#### Data entries
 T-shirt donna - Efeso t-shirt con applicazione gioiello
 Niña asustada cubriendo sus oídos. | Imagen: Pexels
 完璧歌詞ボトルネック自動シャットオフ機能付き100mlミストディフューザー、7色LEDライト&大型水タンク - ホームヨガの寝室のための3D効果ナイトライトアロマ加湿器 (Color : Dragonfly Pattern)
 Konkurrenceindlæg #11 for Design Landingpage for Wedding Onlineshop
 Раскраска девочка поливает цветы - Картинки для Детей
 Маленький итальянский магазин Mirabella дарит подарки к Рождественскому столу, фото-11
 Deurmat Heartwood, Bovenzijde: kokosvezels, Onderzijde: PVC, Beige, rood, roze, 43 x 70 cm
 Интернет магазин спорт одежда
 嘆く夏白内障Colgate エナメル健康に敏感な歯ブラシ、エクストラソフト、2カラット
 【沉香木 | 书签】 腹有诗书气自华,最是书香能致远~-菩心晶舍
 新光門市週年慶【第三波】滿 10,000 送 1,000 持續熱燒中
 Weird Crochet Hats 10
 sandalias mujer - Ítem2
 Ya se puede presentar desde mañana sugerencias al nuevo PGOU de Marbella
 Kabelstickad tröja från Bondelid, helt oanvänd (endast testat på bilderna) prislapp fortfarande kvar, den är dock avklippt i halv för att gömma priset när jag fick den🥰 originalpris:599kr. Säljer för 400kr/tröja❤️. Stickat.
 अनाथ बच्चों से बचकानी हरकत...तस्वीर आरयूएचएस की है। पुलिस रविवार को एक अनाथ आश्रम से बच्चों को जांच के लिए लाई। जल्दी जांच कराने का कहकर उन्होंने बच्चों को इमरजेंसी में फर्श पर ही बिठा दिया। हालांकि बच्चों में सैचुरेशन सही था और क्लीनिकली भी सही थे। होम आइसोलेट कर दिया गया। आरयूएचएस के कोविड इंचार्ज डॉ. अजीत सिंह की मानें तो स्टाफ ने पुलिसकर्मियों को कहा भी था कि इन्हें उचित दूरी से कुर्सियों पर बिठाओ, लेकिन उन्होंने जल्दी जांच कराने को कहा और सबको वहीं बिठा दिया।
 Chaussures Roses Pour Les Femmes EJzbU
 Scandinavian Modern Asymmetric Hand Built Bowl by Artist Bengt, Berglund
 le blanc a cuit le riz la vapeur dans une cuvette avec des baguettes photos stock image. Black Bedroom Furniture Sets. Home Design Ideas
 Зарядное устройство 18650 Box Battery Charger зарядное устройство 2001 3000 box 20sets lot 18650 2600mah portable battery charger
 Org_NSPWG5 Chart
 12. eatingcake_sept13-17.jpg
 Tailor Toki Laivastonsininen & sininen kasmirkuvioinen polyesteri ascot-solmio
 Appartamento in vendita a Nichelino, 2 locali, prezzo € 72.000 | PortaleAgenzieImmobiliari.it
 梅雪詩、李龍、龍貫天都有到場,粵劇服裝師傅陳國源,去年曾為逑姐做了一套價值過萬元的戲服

#### WORK TO COMPLETE
Where a line of the records has the string "магазин", return that line.

#### ANSWER TO THIS PROBLEM
 Маленький итальянский магазин Mirabella дарит подарки к Рождественскому столу, фото-11
 Интернет магазин спорт одежда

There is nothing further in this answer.